Thursday, September 23, 2010

John and Yoko and 'Double Fantasy'



Sometime in late September of 1980, John Lennon and Yoko Ono completed work on Lennon's comeback album — their collaborative effort, "Double Fantasy."

Lennon had been out of the public eye for five years, raising his infant son while his wife handled the family's business dealings. But, in 1980, he was ready to return.

I was in college at the time, and I remember sitting in a friend's yard one autumn afternoon and listening to the radio. Lennon's single, "(Just Like) Starting Over," came on. I had never heard the song before, and, for whatever reason, it just didn't sound like Lennon to me.

My friend smiled and nodded and made some offhand remark about Lennon's comeback, but I didn't make the connection until the song ended and the DJ said that had been Lennon's newest single.

The single was released a few weeks after Lennon's 40th birthday. The album on which it appeared was released only three weeks before Lennon was shot and killed.

After that happened, you couldn't find a copy of "Double Fantasy" anywhere. I remember searching all over town the day after Lennon was killed, trying to find a copy of the album to give as a Christmas present to the girl I had been seeing. But all I could find was an 8–track tape.

(She did have an 8–track player at the time, so that was OK.)

Actually, I was lucky to find the tape. Although CNN did exist at that time, it was still trying to find its identity and, in those essentially pre–24/7 news channel and pre–internet days, you had limited sources even for breaking news. Most Americans probably heard of Lennon's death the way I did — from Howard Cosell on Monday Night Football.

Word was slow getting out that night — certainly by contemporary standards. But it got out, and people hit the record stores as early as they could the next day and snapped up copies of "Double Fantasy" as long as they were available. And that wasn't long at all.

In hindsight, I must say that the response to Lennon's death was even more dramatic than the response I had seen a few years earlier when Elvis Presley died — or that I did see nearly 20 years later when a musical icon from another generation, Frank Sinatra, died.

In all three cases, music stores quickly ran out of albums by the dead singers. It seemed more pronounced after Lennon's death — perhaps because he was murdered — but most of the initial demand seemed to focus on his latest album.

Oddly enough, I found some copies of Lennon's older albums, a few of which I bought for my personal collection. And I was happy to get them. I preferred then — as I do now — Lennon's albums without Yoko.
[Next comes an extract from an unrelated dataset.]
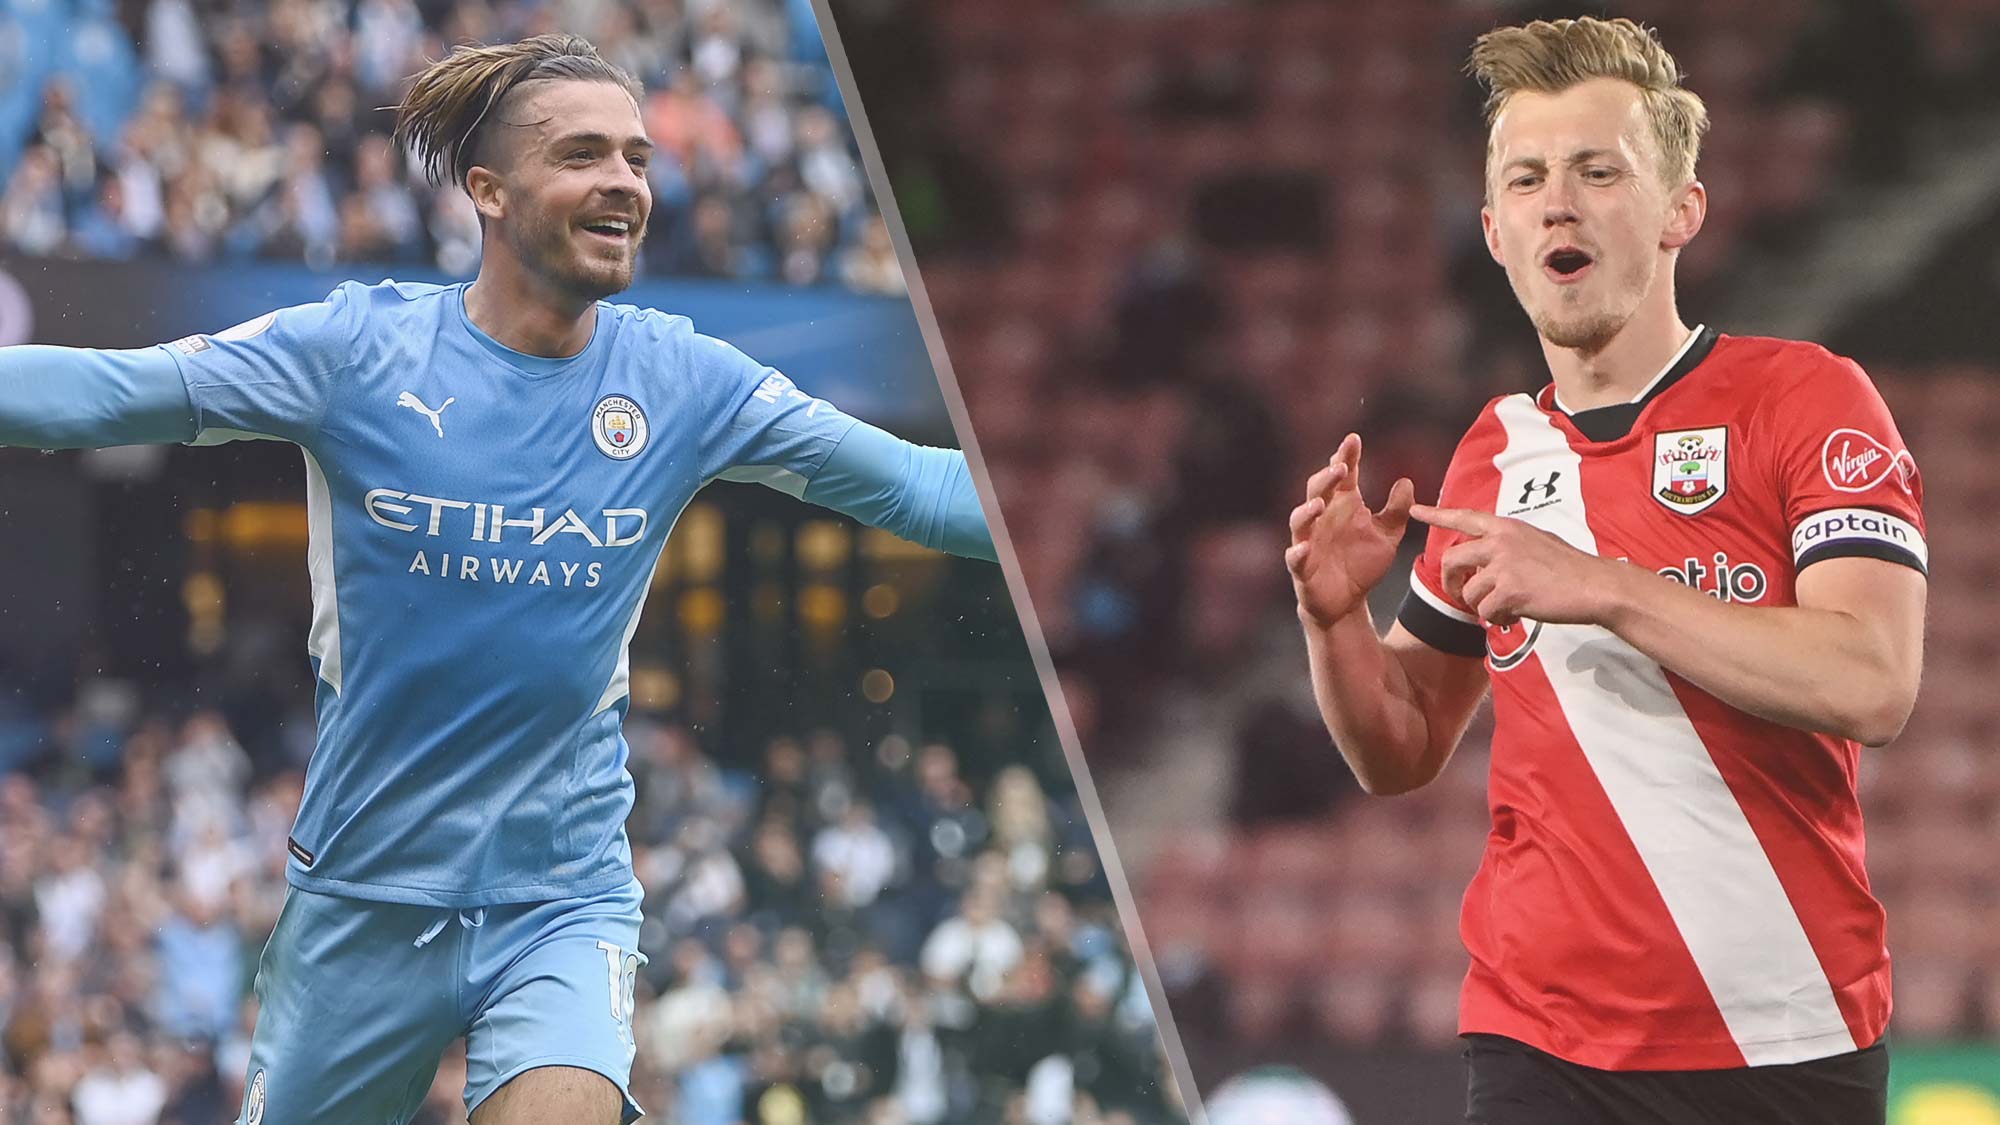 Manchester City vs Southampton live stream — how to watch Premier League 21/22 game online | Tom's Guide

Maybe it was Lennon's particular brand of marital loyalty, but, for some reason, he seemed to think that Yoko was a great singer. And he alternated tracks on the album with Yoko. When photographer Annie Leibovitz came to Lennon's home to shoot photos for Rolling Stone on the day Lennon was killed, she wanted to shoot photos of Lennon only. But Lennon insisted that Yoko be in every picture, and he made Leibovitz promise that they would both appear on the cover.

(As I got older, I found that a copy of "Double Fantasy" in one's collection was a pretty accurate litmus test for separating the true Lennon fans from the poseurs. Their copies of that album were always scratchy on the Lennon tracks — and pristine on Yoko's. I concluded that they had lifted the needle off the record when Yoko's tracks were playing and put it on Lennon's next track on that side.)

When "Double Fantasy" came out, the timing may have been right for someone like Yoko. Her style was definitely of a punk nature, and punk acts were hot in the late 1970s and early 1980s.

I must confess that I have often wondered how that album might have done if Lennon had not been killed. I'm sure it would have done reasonably well with Lennon's fans, who had been waiting for several years for new material from him.

But would it have been popular with the punk fans? Surely, it wouldn't have generated the same kind of sales it did in the days after his murder. But would punk's have embraced Yoko? I honestly can't say.

Perhaps Yoko was inspired by her husband's burst of creativity in that last year of his life. Or perhaps she was infused with fresh confidence as punk acts were getting positive publicity.

Whatever it was, she seemed energized in a way she hadn't been before. She had seven songs on the album, the same number as her husband. Would she have been a punk star in the '80s if her husband hadn't died on that December night 30 years ago?

Again, I can't say.

What I can say is that it took Yoko three years after Lennon's death to finish work on the projected followup to "Double Fantasy," an album of recordings the two made for an album called "Milk and Honey." That album was released posthumously. While it followed the format of "Double Fantasy," it didn't enjoy the same commercial success.

And since its release in 1984, I don't think Yoko has made another recording.